Indeed, recent graphic cards allow general purpose computing instead of only graphical operations, and are perfectly suited for massively parallel operations..
If your program is not bound by memory transfers and capacities, you can expect a 5-10 folds speed-boost (single precision) for a recent graphic card compared with a standard quad-core for roughly similar prices (around 100$) and power consumption (100-150W).
As this is only a matter of months before Farsthary begins to investigate this, here is a procedure for those who want to set up their environment to test OpenCL source codes. I will give you the one which works with my system (ubuntu 9.10 32 bits, Ati 4770) , will try to update for other systems latter:
* download and install the last catalyst drivers for OpenCL support: in the terminal:
sudo sh ./ati-driver-installer-10-2-x86.x86_64.run
..and follow the instructions
* download the last SDK kit (you must register before (free), you can also check there if your graphic card is an OpenCL device), extract it in your home directory (ex: /home/farsthary for him) and compile it (type “make” in the terminal once you are in the uncompress folder). Hence, you have the OpenCL libraries, but your system is not yet aware about this (so if you run OpenCL code, no devices will be detected). For that, you have to follow the installation notes (Win, OSX, linux)
For my system (32 bit):
If you load an OpenCL program, it will look for the OpenCL libraries in the default system folder, so you will create symbolic links between these folder and your SDK folder with the libraries. First create appropriates folders:
sudo mkdir /usr/lib/OpenCL
sudo mkdir /usr/lib/OpenCL/vendors
Then create the link
sudo ln -sf ~/ati-stream-sdk-v2.01-lnx32/lib/x86/libatiocl32.so /usr/lib/OpenCL/vendors/libatiocl32.so
You can now test OpenCL samples, such as the didactic examples from the great David Bucciarelli (aka Dade, Luxrender developer). As an example, download SmallptGPU2 (for windows user, the executable is already included), which is an unbiased raytracer example which uses all the available OpenCL devices. First, you need to install some additional libraries (BOOST Threads: look for and install libboost-thread1.40-dev in Synaptic).
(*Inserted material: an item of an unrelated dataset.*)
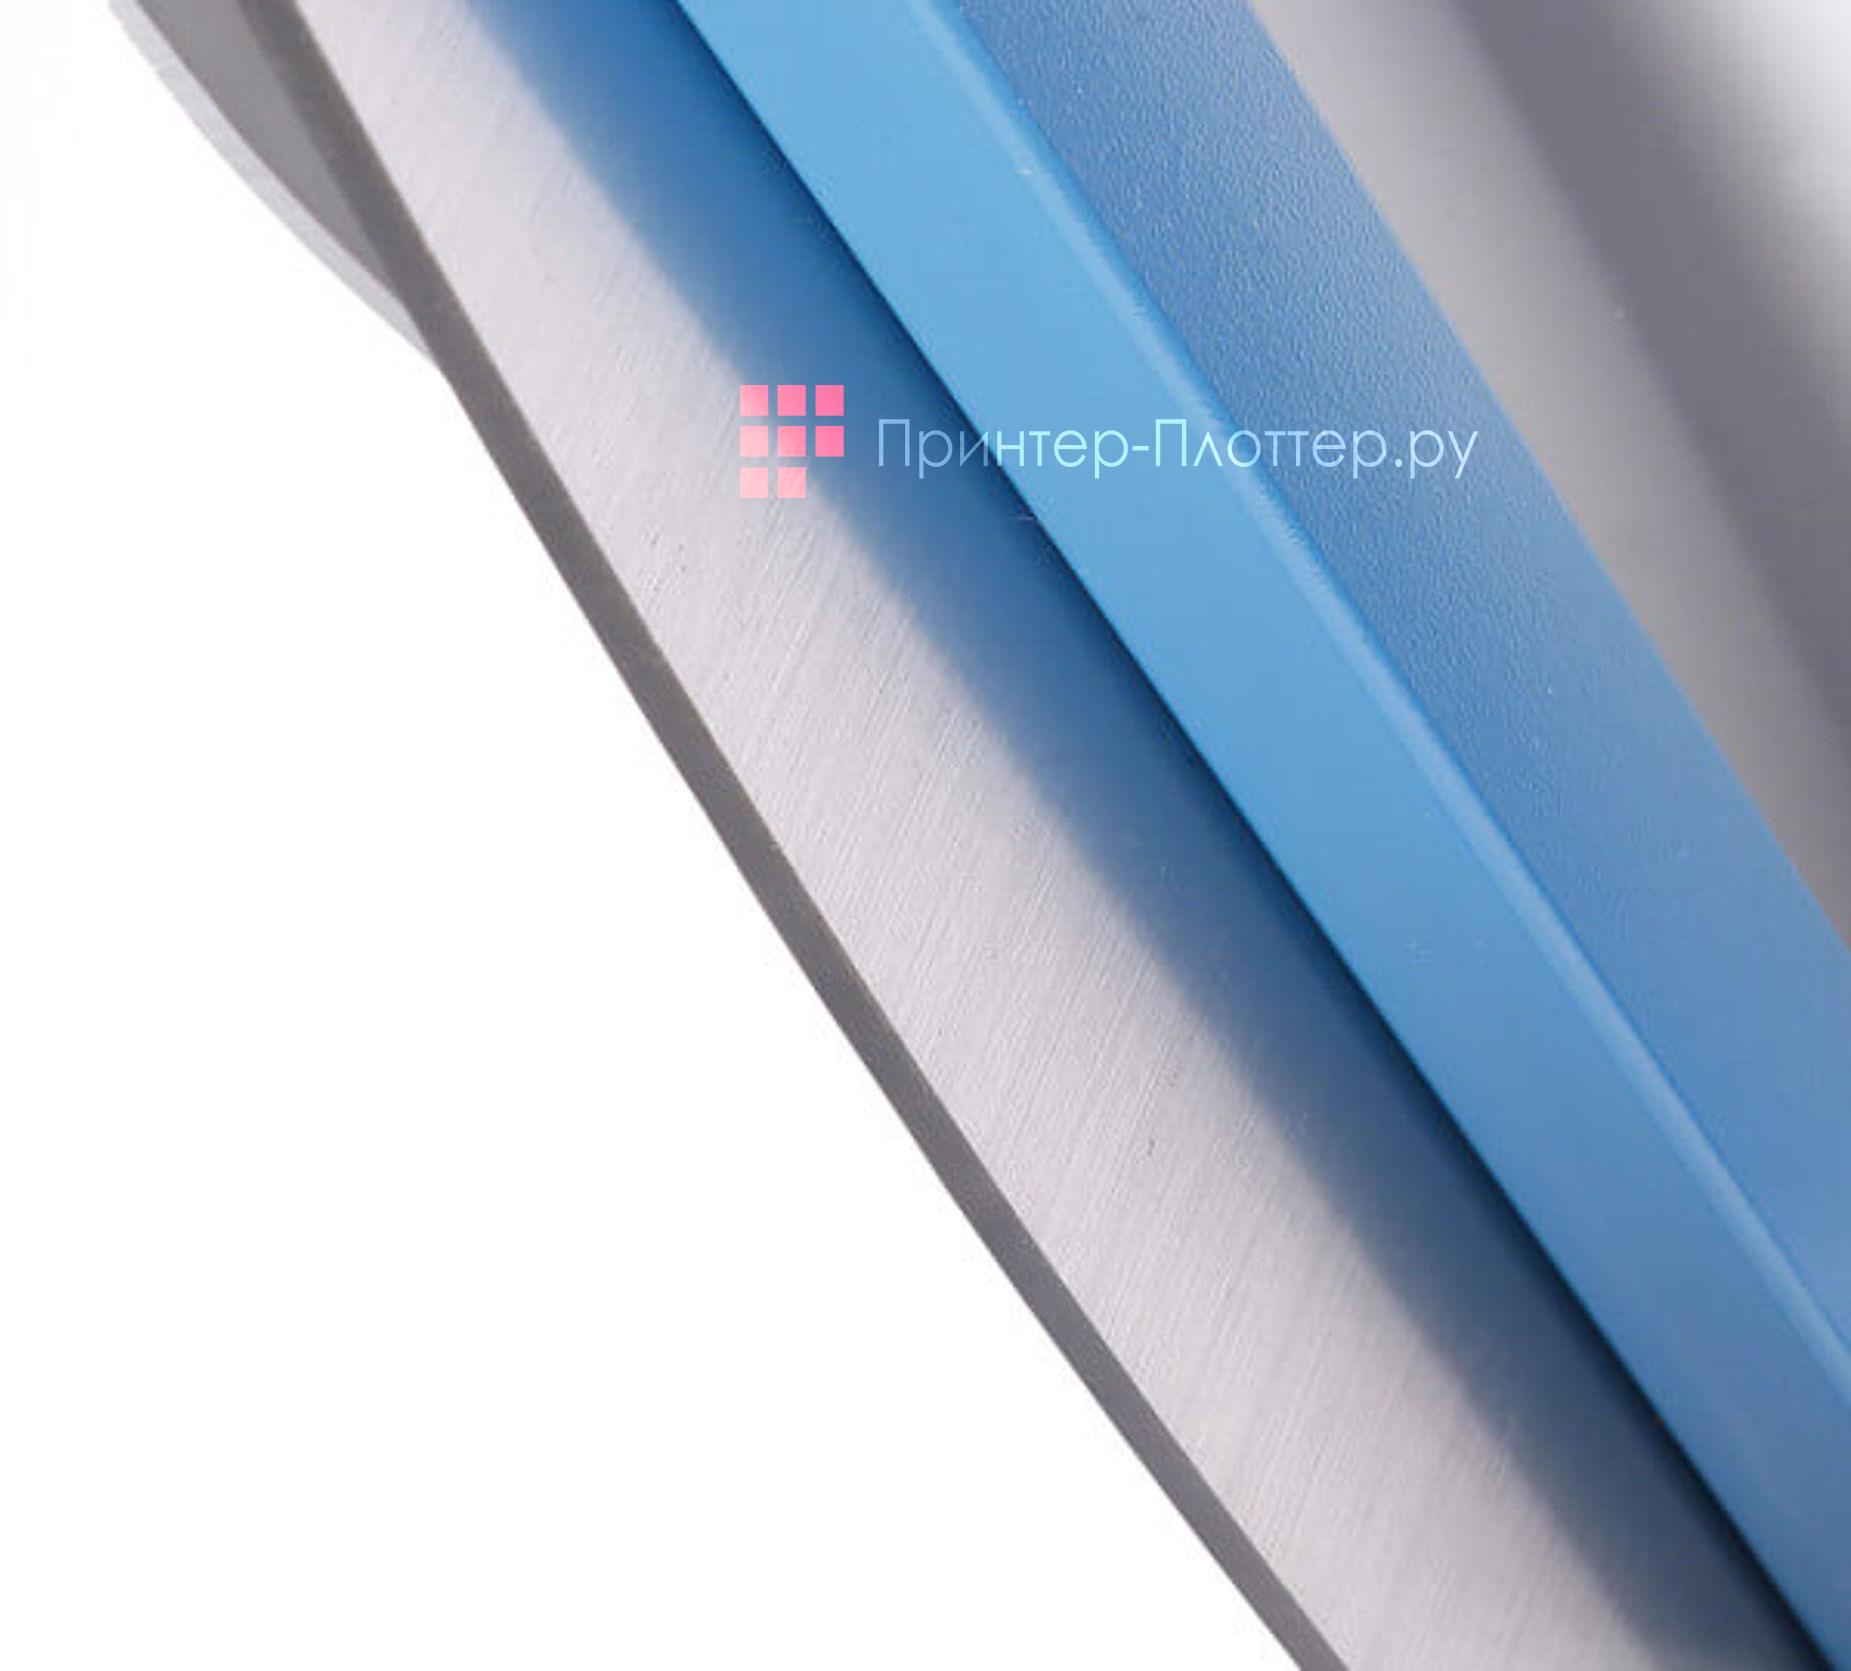 Dahle 599. Нож для материалов

Then you must edit the Makefile: rewrite the path variable with yours:
..and rename the boost library (-lboost_thread-mt-1_38_0) by “-lboost_thread-mt) if the compilation fails.
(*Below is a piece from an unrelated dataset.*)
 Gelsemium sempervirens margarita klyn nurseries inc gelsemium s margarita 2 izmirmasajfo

.. and compile it (“make”) and lauch it (“./smallptGPU”): at start-up, the soft detect my OpenCL devices and their properties in order to share the computational load. In my case this prints:
OpenCL Platform 0: Advanced Micro Devices, Inc.
OpenCL Device name 0: AMD Phenom(tm) II X4 925 Processor
OpenCL Device type 0: TYPE_CPU
OpenCL Device units 0: 4
OpenCL Device name 1: ATI RV770
OpenCL Device type 1: TYPE_GPU
OpenCL Device units 1: 8
So two computing devices, and my graphic card (RV770 = ATI 4770) is equivalent in this case to an octocore processor (120 stream units per processor in this case)
If the CPU alone works (2.8 GHz) , around 840 samples (12 rays per sample) are performed per second
With only the graphic card (processors at 750 MHz (no memory limitations)), around 4500 samples/s. So this is as if I had 5 additional Phenom II 925 in my rig!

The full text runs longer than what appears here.